For a while there I thought I was just going to have to peel my skin off! From now on rubber gloves with any of that stuff!


----------



## Reel Low Dad (Jun 1, 2017)

It came right off my hands and cleaned up decently on the concrete. Hopefully it comes out of the clothes but if not then oh well. This was the lesco brand and seems to clean up well but it was a slow process.


----------



## Colonel K0rn (Jul 4, 2017)

This might be an appropriate thread to post this question: What is the preferred brand of marking dye that y'all use? The stuff I get at Tractor Supply really isn't dark enough for my liking. I've doubled up the recommended amount, and it's still not dark enough for me.


----------



## pennstater2005 (Jul 17, 2017)

Colonel K0rn said:


> This might be an appropriate thread to post this question: What is the preferred brand of marking dye that y'all use? The stuff I get at Tractor Supply really isn't dark enough for my liking. I've doubled up the recommended amount, and it's still not dark enough for me.


I buy the "mark it blue" product. I'm not much for measuring but it doesn't take much in my 4 gallon backpack sprayer. I buy the 32oz version.


----------



## raldridge2315 (Jul 1, 2017)

Here's what happens when you are in too much of a hurry to put down that sheet of plastic.

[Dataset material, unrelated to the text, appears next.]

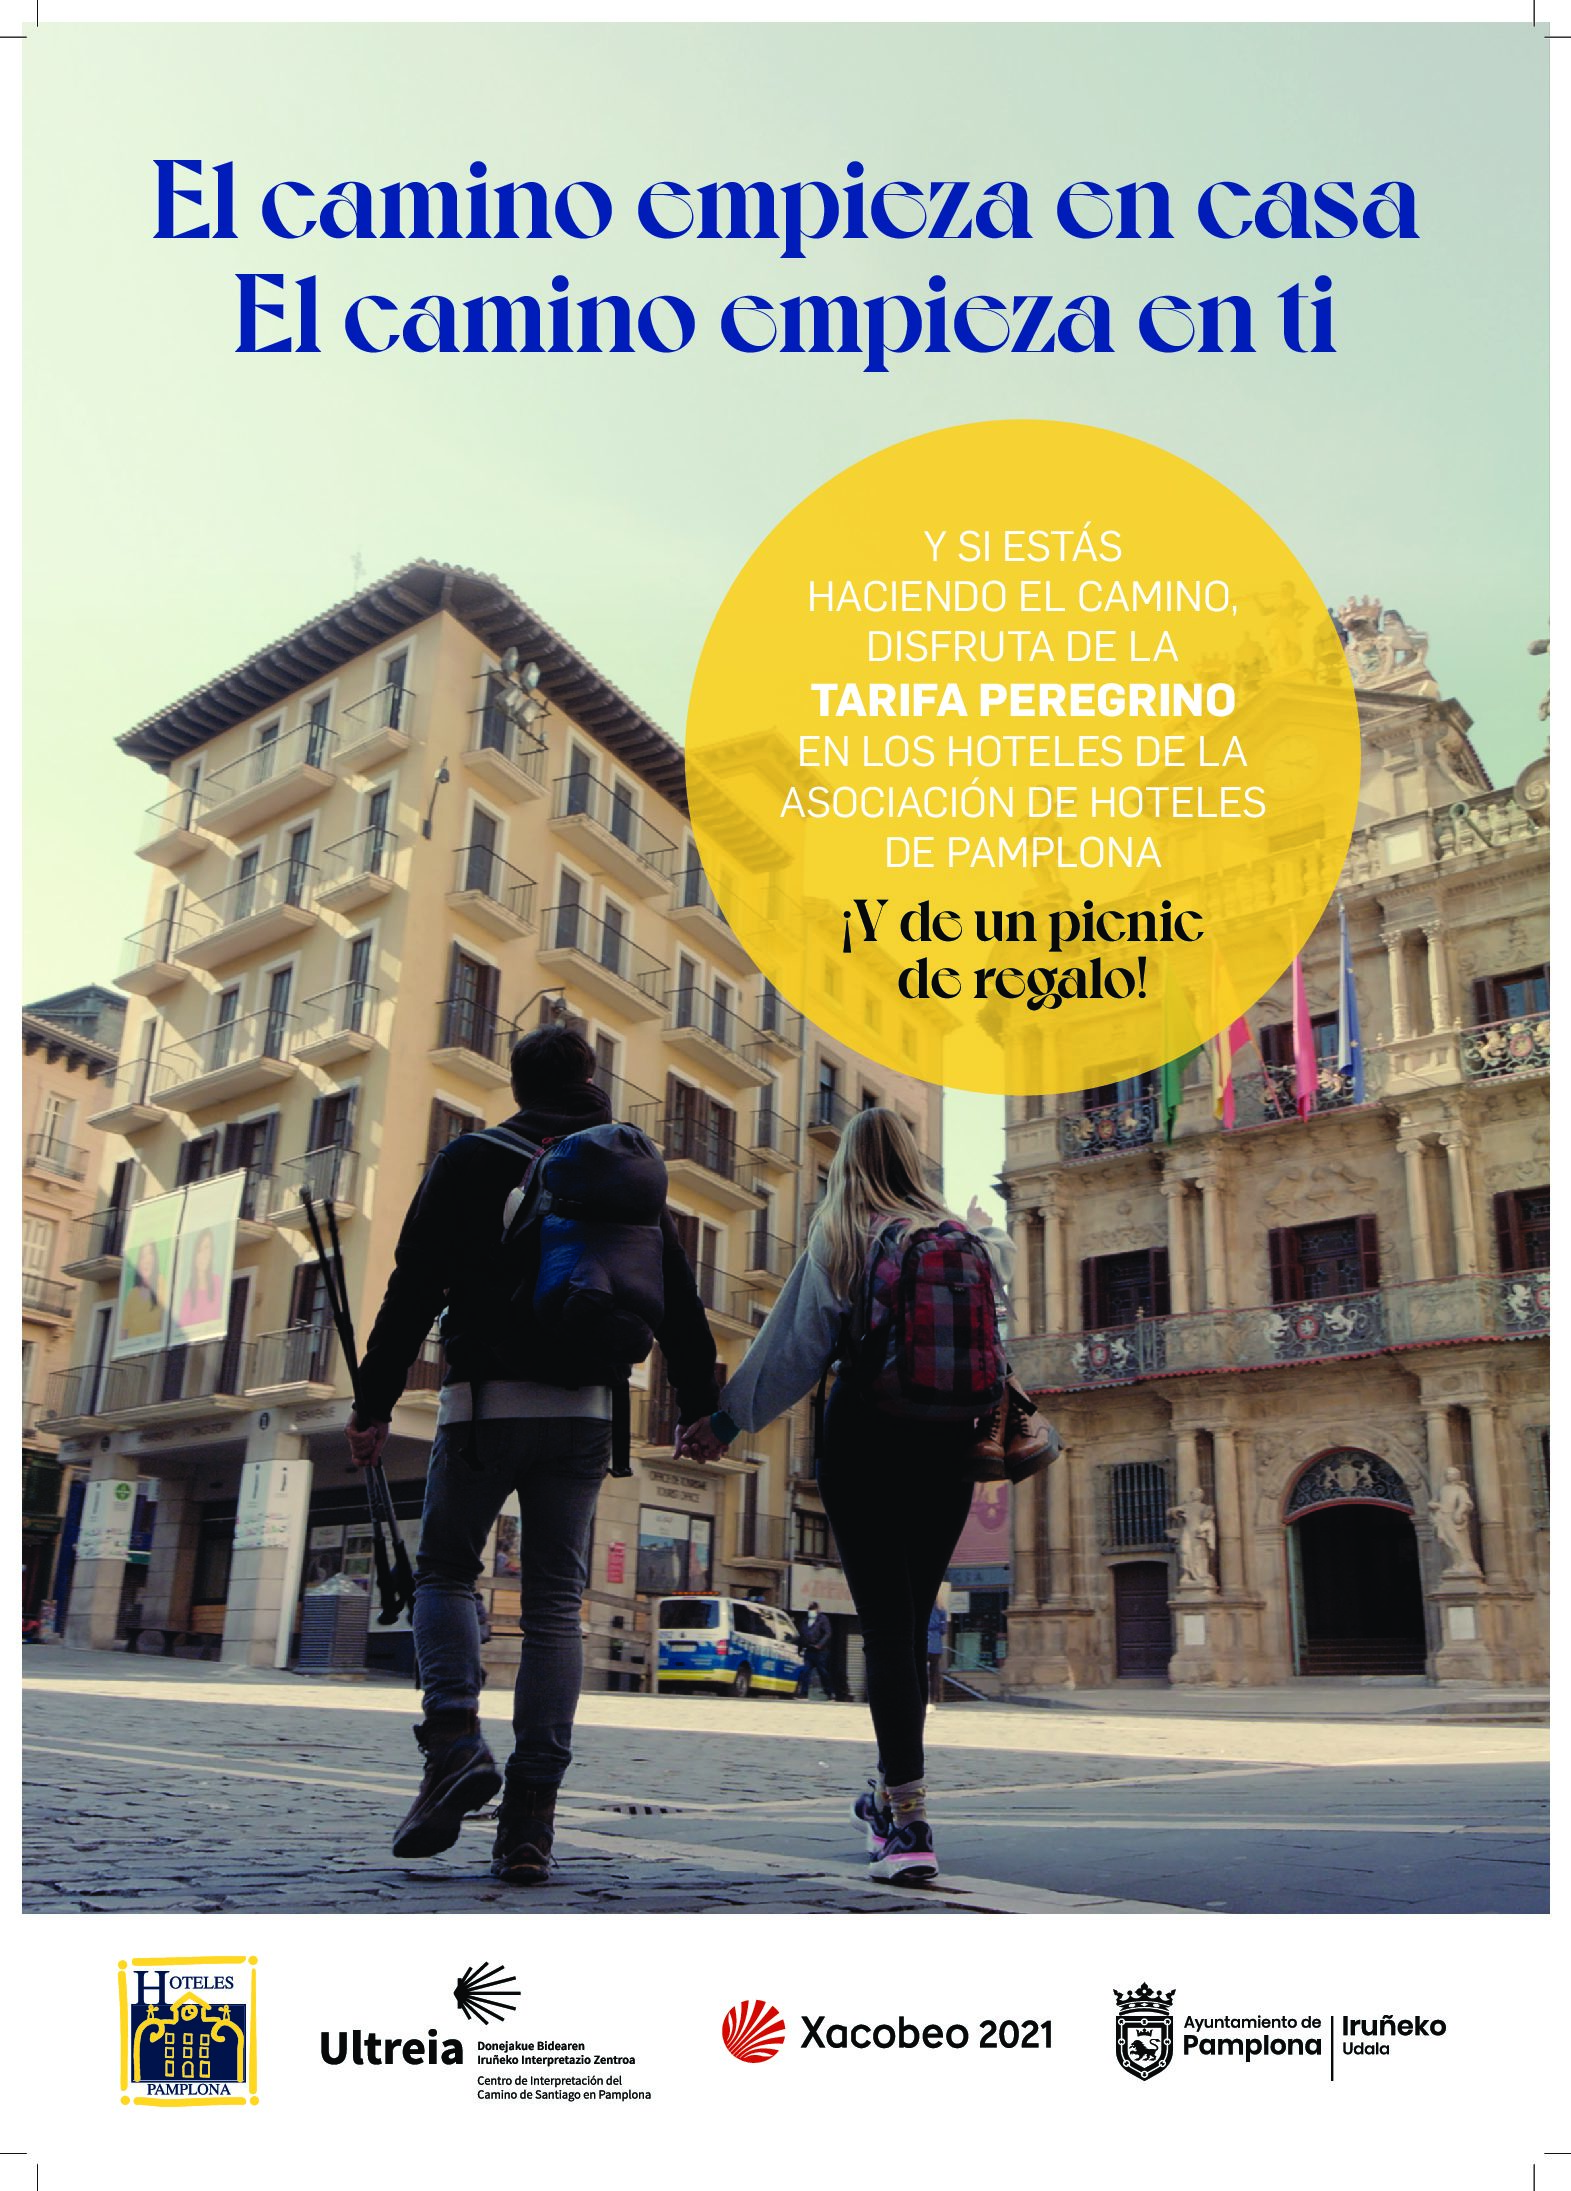 El Ayuntamiento de Pamplona propone celebrar este Año Jacobeo recorriendo el Camino de Santiago a su paso por la ciudad

I was only mixing up a little bit. I didn't need no stinkin' plastic. The wife is not easy to get along with right now.


----------



## Reel Low Dad (Jun 1, 2017)

So I washed the wife's car in preparation for our trip this weekend. Start hosing off the wheel cleaner and I get a huge stream of blue going down the driveway. The bottle landed perfectly to shoot a stream between my legs and hit her tire.

I can only laugh because my mishap has given me the motivation to finally acid stain the garage floor.


----------